What Is the Force Exerted by the Wall on a Ladder?

[DrMcDreamy]

Homework Statement

This is a two part problem I figured out the 2nd part but not the first.

a) A 7.3 m ladder whose weight is 364 N is placed against a smooth vertical wall. A person whose weight is 810 N stands on the ladder a distance 2.7 m up the ladder. The foot of the ladder rests on the floor 3.577 m from the wall.Calculate the force exerted by the wall. Answer in units of N.

b) Calculate the normal force exerted by the floor on the ladder. Answer in units of N. 1174 N

Homework Equations

Forces:
x-axis: F_k - N_Wall = 0
y-axis: N_floor - W_person - W_ladder = 0

Torque:
N_wall x h - W_ladder x $$\frac{h}{2}$$cos$$\theta$$ - W_person x (2.7 x cos$$\theta$$) =0

The Attempt at a Solution

$$\theta$$ = cos^-1($$\frac{3.577}{7.3}$$) = 61

tan$$\theta$$61=$$\frac{h}{3.577}$$=6.45

3.65cos61=1.77

2.7 x cos61 = 1.31


N_wall x 6.45 - 364 N x 1.77 - 810 N x 1.31 =0

N_wall x 6.45 -644 - 1061 = 0
N_wall x 6.45 = 1705
N_wall = $$\frac{1705}{6.45}$$
N_wall = 264 N

Its wrong. What am I doing wrong?

 

[auk411]

Why do you have cosines?

I'm not sure your torque equation under Relevant equations is right. For example, take the cross product of the weight of the ladder with the perpendicular distance between where the force is being applied and the point by which you take the torque. So here, I believe, it would be Mg(d/2), where d is the (horizontal) distance between the point by which you take the origin and the force mg. Or in other words, mg(L/2)sin(theta). You can find theta by using the sides of the triangle.

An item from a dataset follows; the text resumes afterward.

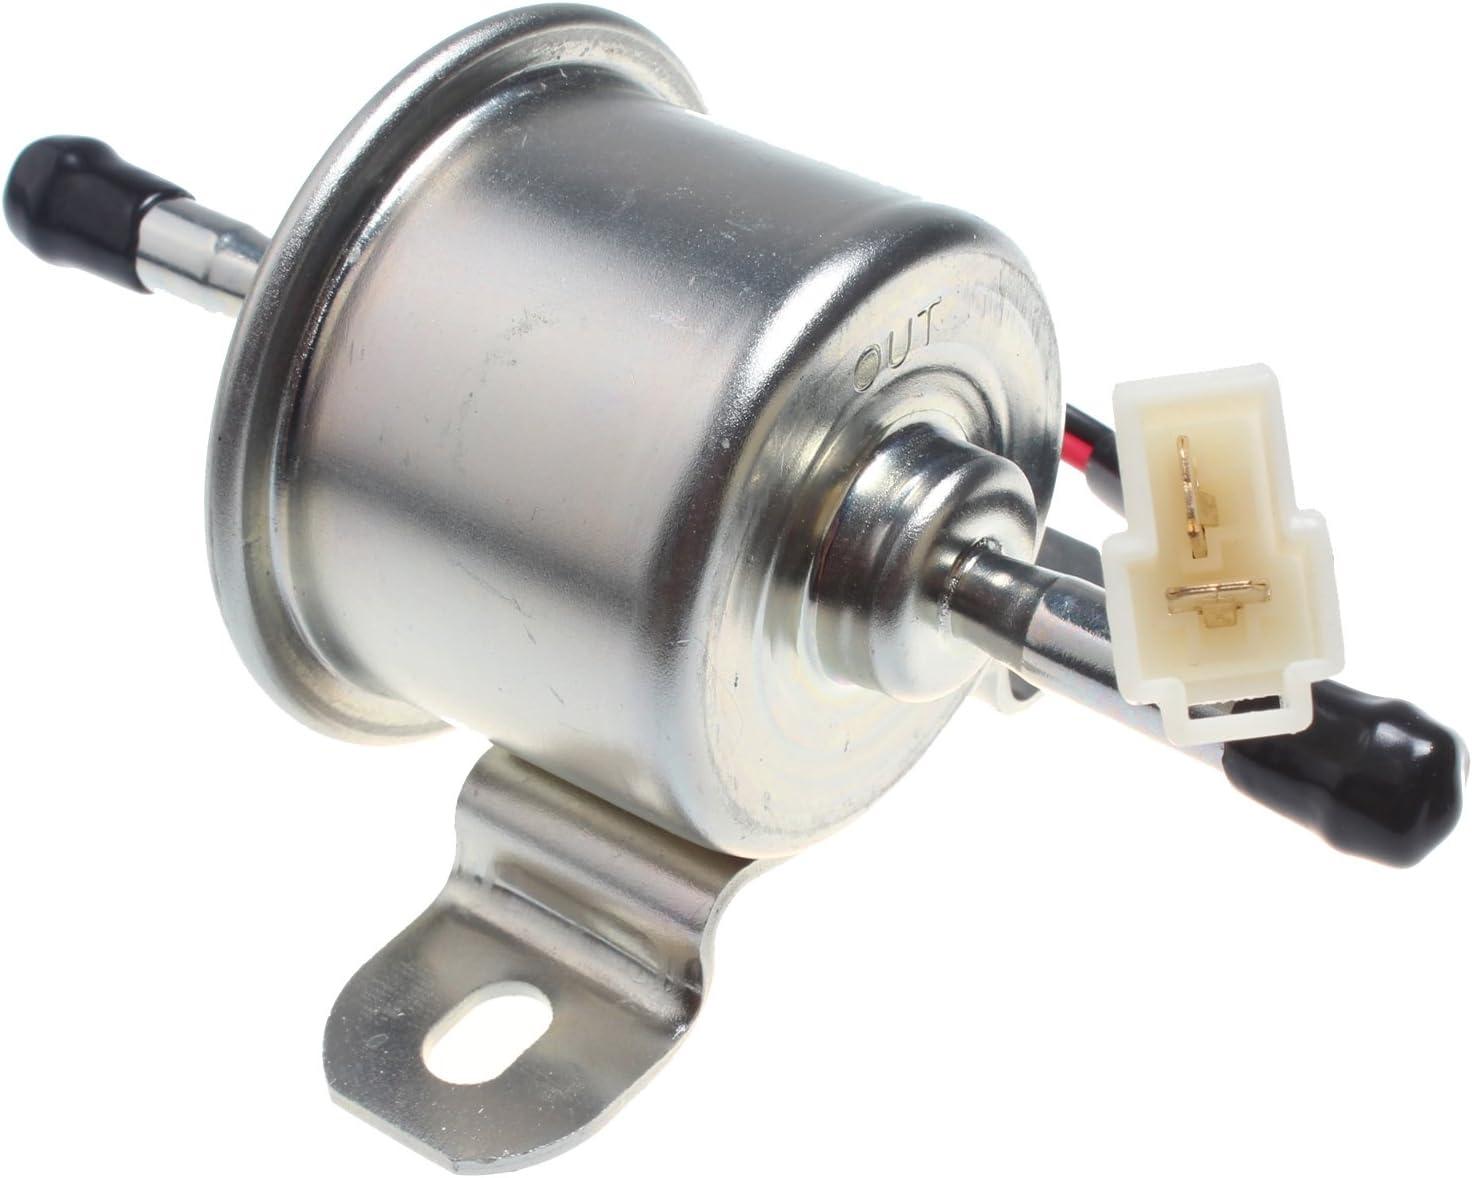 Fuel Injector Assy for Kubota ZD18 ZD18F ZD21 ZD21F ZD221 ZD321 ZD321N ZD323

Remember, torque = r cross f = rfsin(theta)

 

[auk411]

by the way, L = height of ladder.

 

[DrMcDreamy]

I figured it out! Sorry for my messy work! :tongue:

 

[rwisz]

Your calculations for the normal force exerted by the floor on the ladder are correct. However, your calculation for the force exerted by the wall is incorrect. It seems like you have mixed up the variables in your equations. The correct equation for torque in this situation is Nwall x h - Wperson x (2.7 x cos\theta) - Wladder x \frac{h}{2}cos\theta = 0. Plugging in the values, we get Nwall x 3.577 - 810 N x 1.77 - 364 N x 1.31 = 0. Solving for Nwall gives us a value of 558 N, which is the correct answer for the force exerted by the wall. It is important to double check your equations and make sure you are using the correct values for each variable.